When I took over the new role, I spent a lot of my energy on making sure my team was ok, as well as making sure I was the rock for my family and friends.

I never complained about my own struggles, never shared any frustrations.

I felt invincible, like a super human whose existence is focused entirely on bringing calm and reassurance to others.

Until the day I literally couldn’t wake up in the morning because my energy was completely drained.

I gave all I had, and did not take care of myself properly. I didn’t protect my own energy.

Your role is to lead and give as much support as needed, but you cannot change other people’s perspectives if they are not open to do so themselves.

Your role is to inspire, not to be a therapist at whom everyone throws their problems or expects you to solve them.

And most importantly, you need your own support network.

Motivational speaker Jim Rohn famously said that we are the average of the five people we spend the most time with.

Are you surrounded by people who uplift you and encourage you, or by people who put you down?

My close support network was fundamental for me to be able to have constructive feedback and a safe space to vent.
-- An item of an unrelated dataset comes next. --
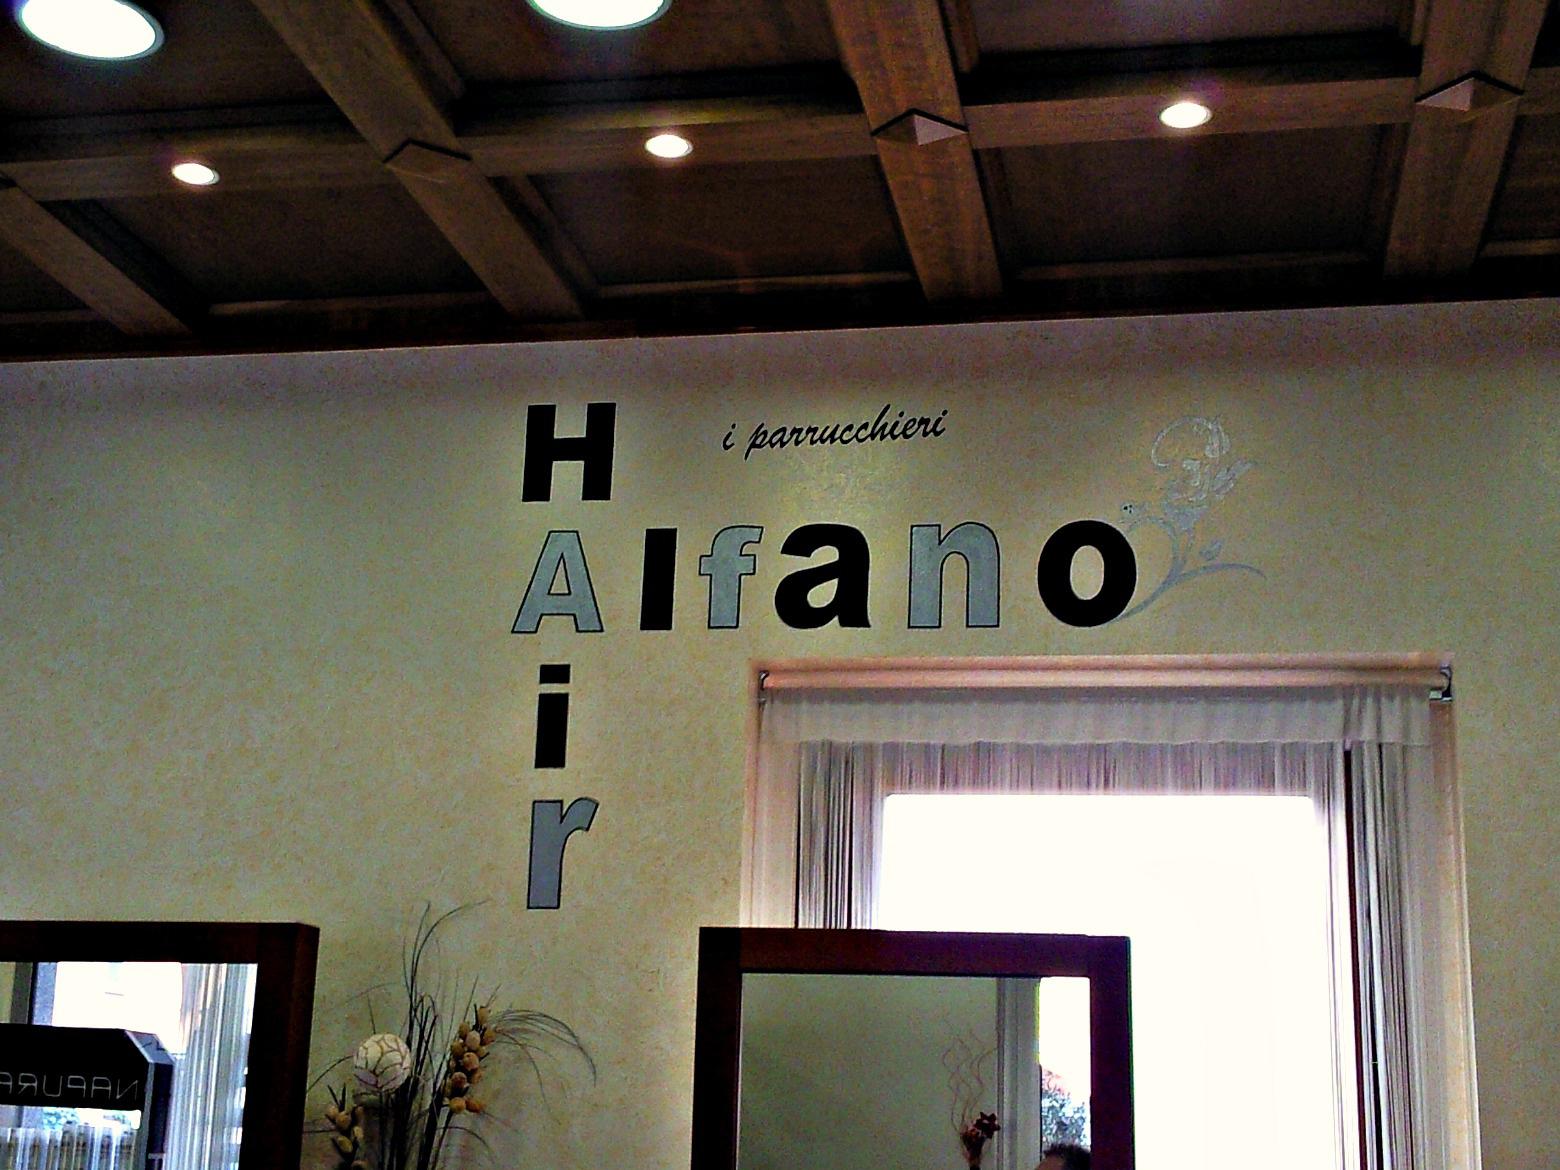 Imbiancatura murale e decorazione effetto spugnato con scritta a mano libera per un negozio di parrucchieri

At the same time, I realised that I needed more mentors and advisors to guide me and support me through business decisions.

I built a customer advisory board for my company, reaching out to people in my network who I admired and from whom I wanted to learn from.

I reached out to people on LinkedIn, in VCs and accelerator networks, and in communities networks.

I spent a lot of time asking questions, listening, taking notes.

I learned about fundraising, business development, project management, product, HR, Fintech, B2B and team management.

And the great thing is… this is just the beginning.

We never stop learning.

... And if I’ll ever find myself in a situation where I think I know all the answers, it will mean that it’s time for me to go and embark on another journey.